Compilation album by George Jones, Gene Pitney, Melba Montgomery
- Released: January 1966
- Recorded: 1965 at Columbia Studio, Nashville, TN
- Genre: Country
- Label: Musicor
- Producer: Pappy Daily

George Jones chronology
| Bluegrass Hootenanny (1964) | Famous Country Duets (1965) | George Jones and Gene Pitney: For the First Time! Two Great Singers (1965) |

= Famous Country Duets =

Famous Country Duets is an album by American country music artist George Jones with Gene Pitney and Melba Montgomery of predominantly previously released performances. This album was released in January 1966 (see 1966 in country music) on the Musicor Records label.

Professional ratings
Review scores
| Source | Rating |
| AllMusic | Star |

==Background==
Jones's producer H.W. "Pappy" Daily had been mentoring the singer's career since the late fifties and, as Jones star begin to rise through the early 1960s, pushing his career through an ever increasing number of lucrative record deals.

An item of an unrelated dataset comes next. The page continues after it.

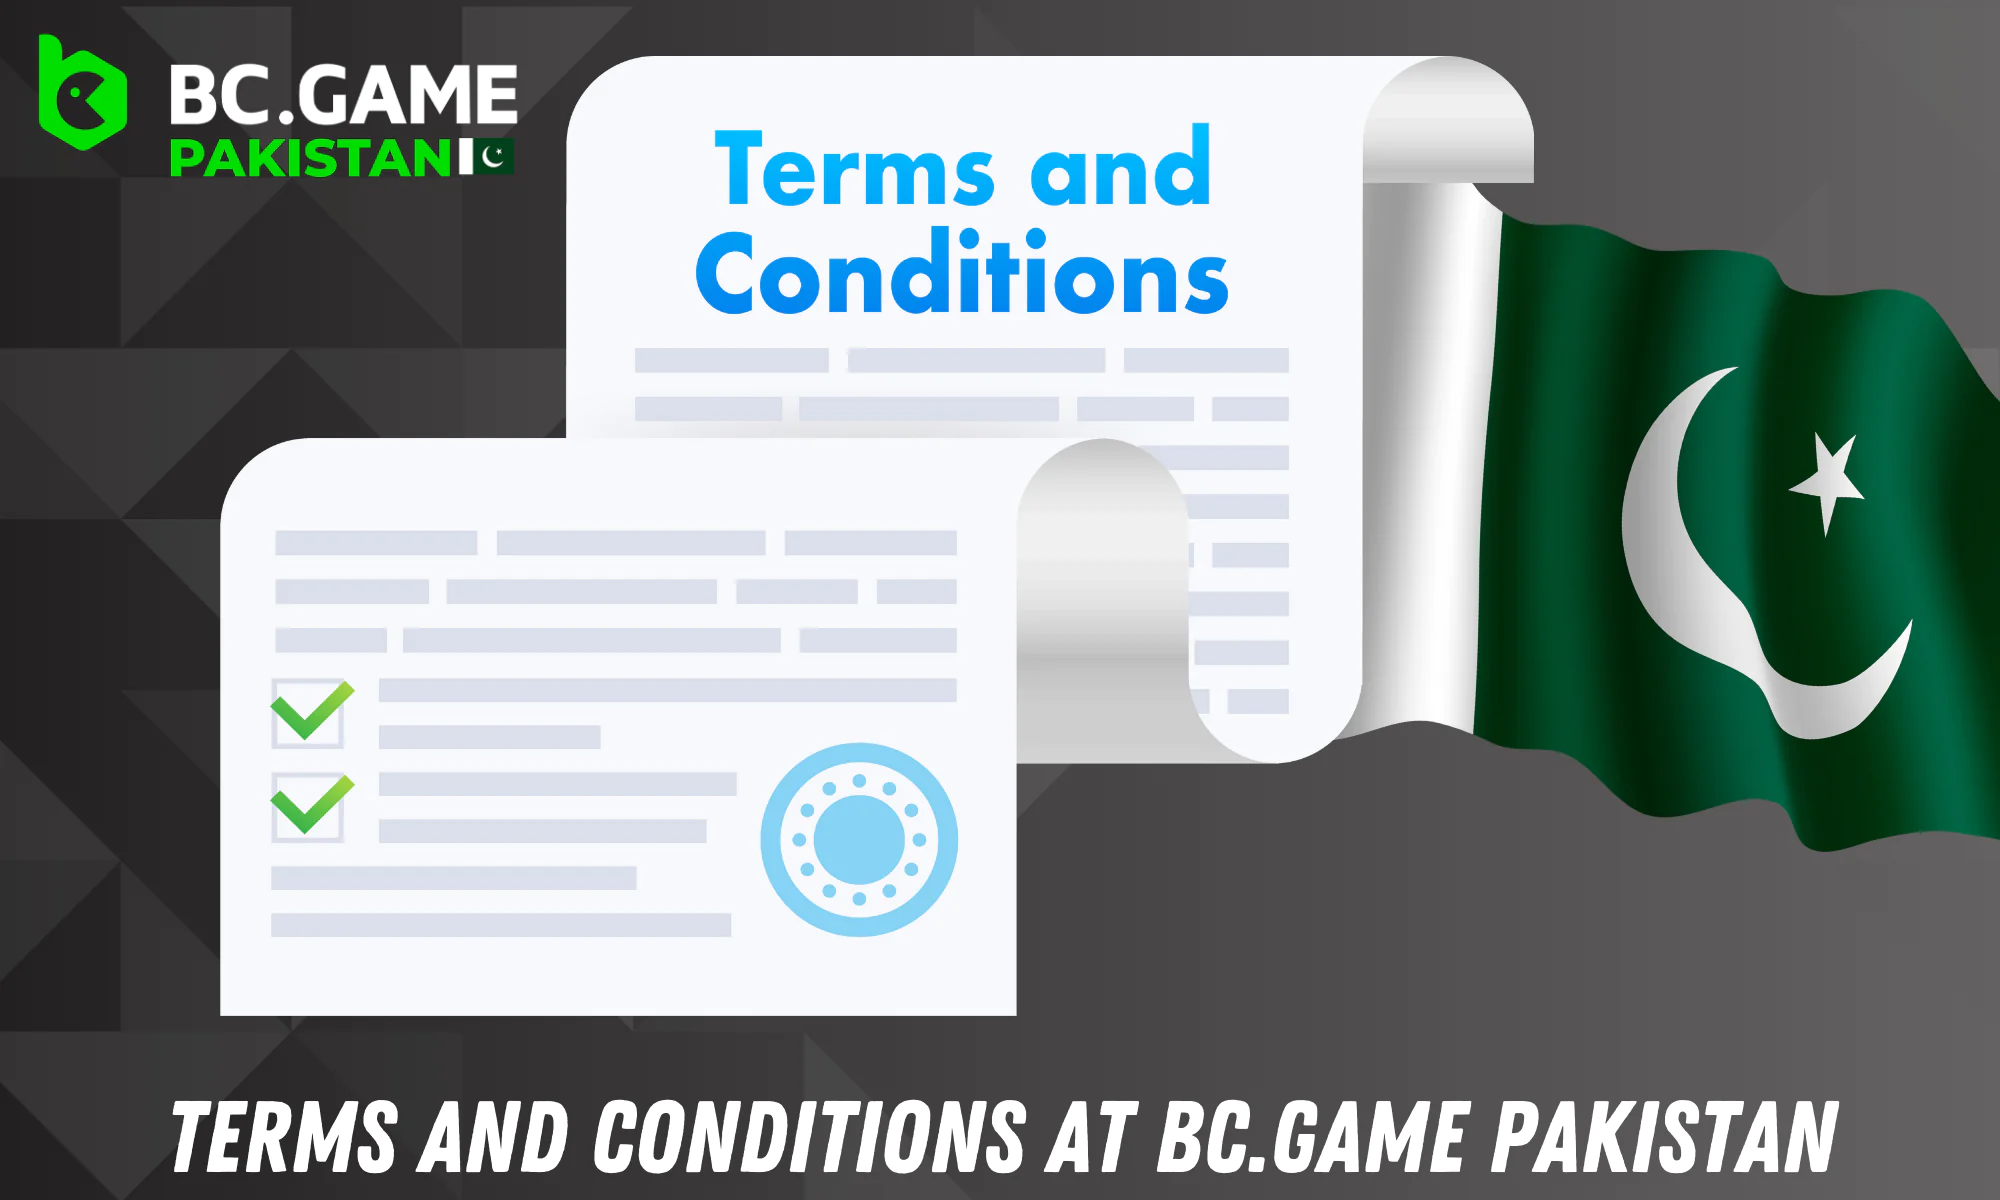 BC.GAME Pakistan has certain terms and conditions that players should familiarize themselves with before starting the game

This was Jones's first album with the Musicor label after leaving United Artists in 1965. As Bob Allen points out in his book George Jones: The Life and Times of a Honky Tonk Legend, "During the next six years, with Musicor, George recorded more than over 280 songs - most of which were done in rushed, sloppily produced sessions - and help to establish for himself a somewhat unwelcome reputation as one of country music's most overrecorded artists." Jones work with Musicor would also be increasingly characterized by the Nashville Sound that became prominent on country radio throughout the rest of the decade.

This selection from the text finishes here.